Hello - The hyperreal numbers are mentioned and linked in the first paragraph in "Numbers with dimensionality", but only very briefly. Feel free to expand - or more likely, to add another section for "others" ... the following high-level sections were suggested to me a while back:
• Numbers with dimensionality (this is the existing section)
• Set-theoretical extensions of the reals
• Topological extensions of the reals
However, since I don't feel competent enough to do so, I've held back. ... Thanks, Koeplinger (talk) 01:46, 6 December 2007 (UTC)

## "External Links" section

Earlier today I reverted an edit that was adding a commercial advertisement and a link to a page that was broken and had a different description than the subject header. After reviewing the page, I've added it back now, but with a more correct description ("Clyde Davenport's Commutative Hypercomplex Math Page"). This way, I believe, the character of the referenced page is better represented, as a personal web page, which is to be taken as such. In order to add at least some more external references, I've for now added two that I deem significant, hyperjeff.com (history) and hypercomplex.ru (research group after Kantor & Solodovnikov's hypercomplex program). I guess this would be a good place to link to certain pages.

Personally, I would continue to object having a link to hypercomplex.us here, because it's more an advertisement than an information. But I would pull back if some would suggest otherwise. There are elaborate reviews of commercial software here in Wikipedia, so maybe the "external links" section would be appropriate.

There's one concern, though: If we're adding personal web pages here, then we might have to add a whole bunch of pages: A simple internet search for "hypercomplex" reveals all kinds of pages, and I'm not sure that Wikipedia ought to be displaying results that one could just as well obtain from an internet search. I'm entertaining a Yahoo discussion group, and participate in another, and I don't think they need to be listed here; people will find them anyway, through simple searches.

Anyway, there's a fine line what ought and ought not to be referenced, so for now I only suggest to leave-out the hypercomplex.ru link, keep the Clyde Davenport link (in the new and more up-front version now proposed), and add some more to it over time. But it's more thinking out loud than suggesting a plan.

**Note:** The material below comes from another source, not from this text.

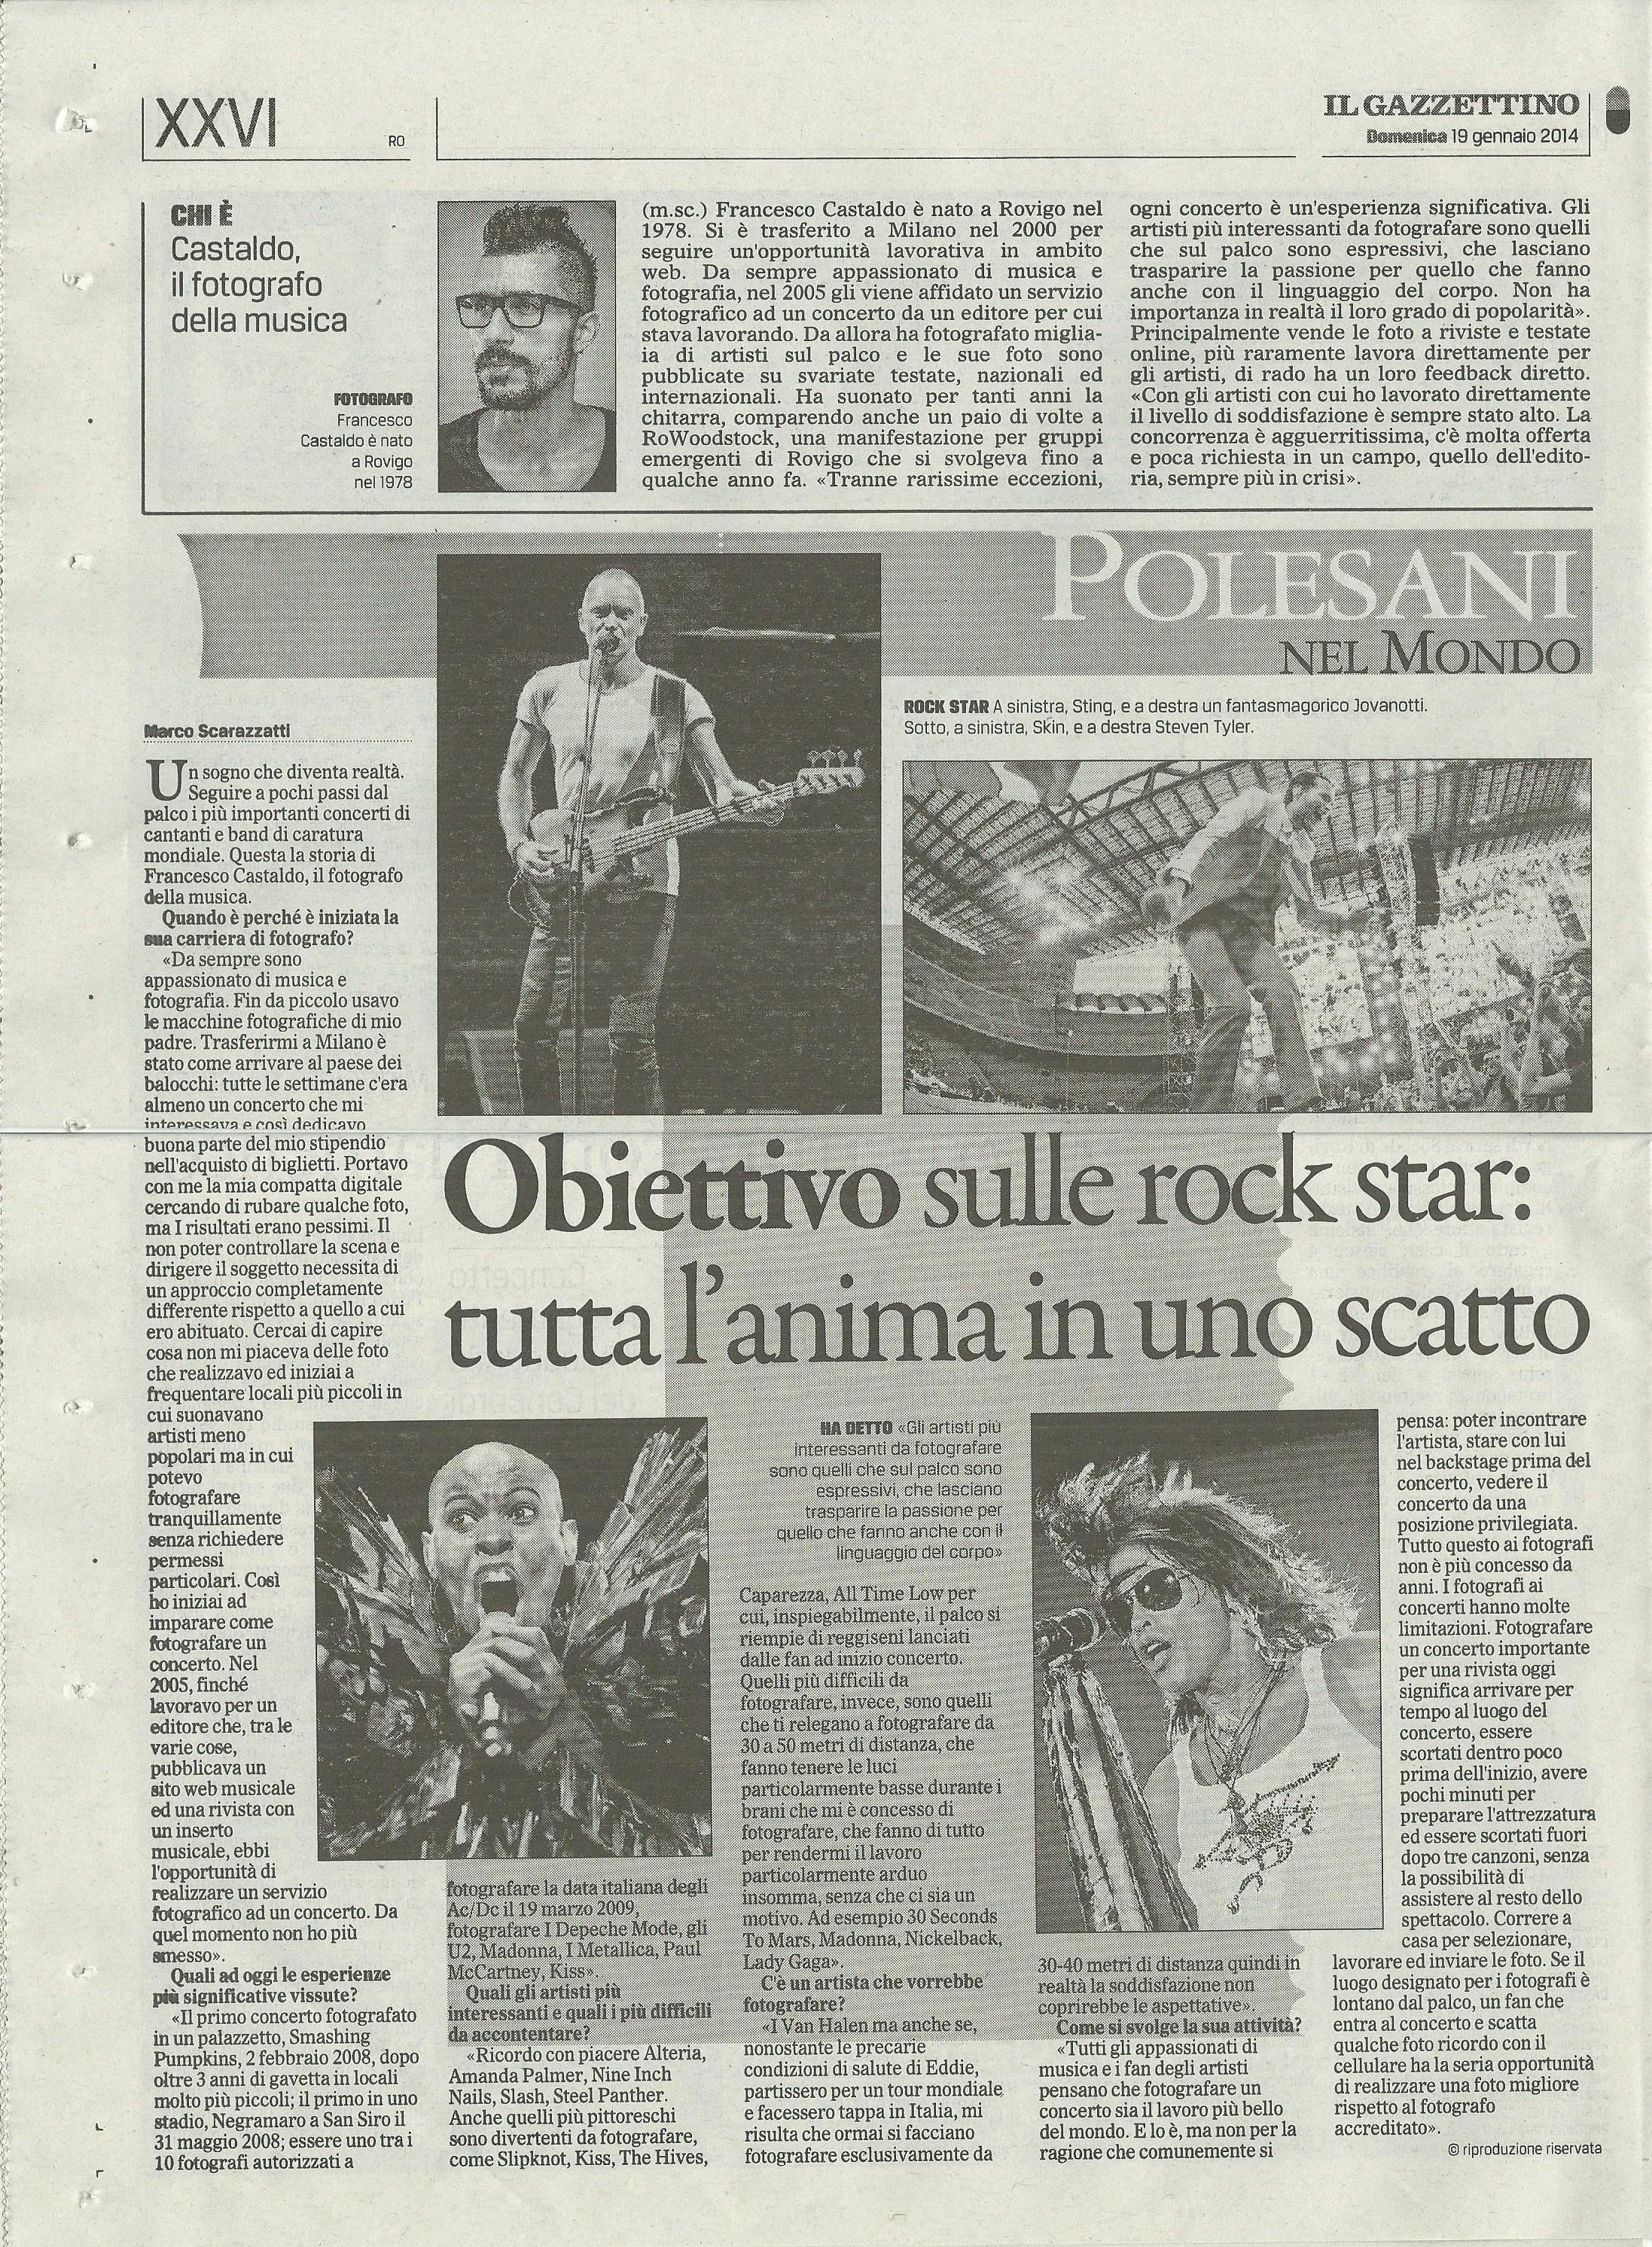 Intervista Gazzettino di Rovigo del 19 gennaio 2014

Thanks, Jens Koeplinger 02:36, 22 September 2006 (UTC)

## "External Links" section

Jens,

Would you consider a link to http://www.hypercomplex.us/docs/generalized_number_system.pdf and/or http://www.hypercomplex.us/docs/hypercomplex_signal_processing.pdf in either the section entitled "References" or "External Links"?

Tom Jewitt

Hello Tom,
Thanks for asking. With no other responses here, it seems that it'll be your choice. Since it is a product home page, maybe we could accomodate with making this clear? Here's a suggestion:
Hypercomplex Numerical Computing and Algorithmic Trading Software
Thanks again, Jens Koeplinger 14:11, 7 October 2006 (UTC)
PS: I searched the US PTO database but cannot find the patent 60/352660 which you have referenced as pending. Could you give me a reference? I would be interested in what exactly you are attempting to patent (simply because you are referencing the patent on your paper).
I read over one of your papers, and would like to give you a few other points of reference, if you are interested. The commutative hypercomplex numbers after Kantor and Solodovnikov are also at times called "polynumbers" (in particular in the hypercomplex.ru group). The 3-dimensional numbers which are part of your "N+" program have also recently been evaluated here, together with some higher-dimensional counterparts. In addition, hypercomplex numbers with commutative mutliplication are also currently being investigated in the hypercomplex Yahoo group (public; the "polynary" #s after Armahedi and the "polyplex" after Marek; the forum pretty much started with looking at these programs). I find your "N+" numbers contained in some of these programs, but I may be wrong. Hope you find these references helpful! (And let me know if you know anything else that may be going on in this direction). Thanks, Jens Koeplinger 14:39, 7 October 2006 (UTC)

## Recent edits

I am very concerned about the recent edits, which appear to be changing the overview article into an article that focuses on Clifford algebras. Also, the section on Clifford algebras contanis much detail that is not needed in an overview article. I also disagree with the grouping of Clifford algebras as having to have more than one non-real axis, which is not correct. I will wait until the recent edits are completed, but will most likely object against most of these. Thanks, Koeplinger 19:33, 30 March 2007 (UTC)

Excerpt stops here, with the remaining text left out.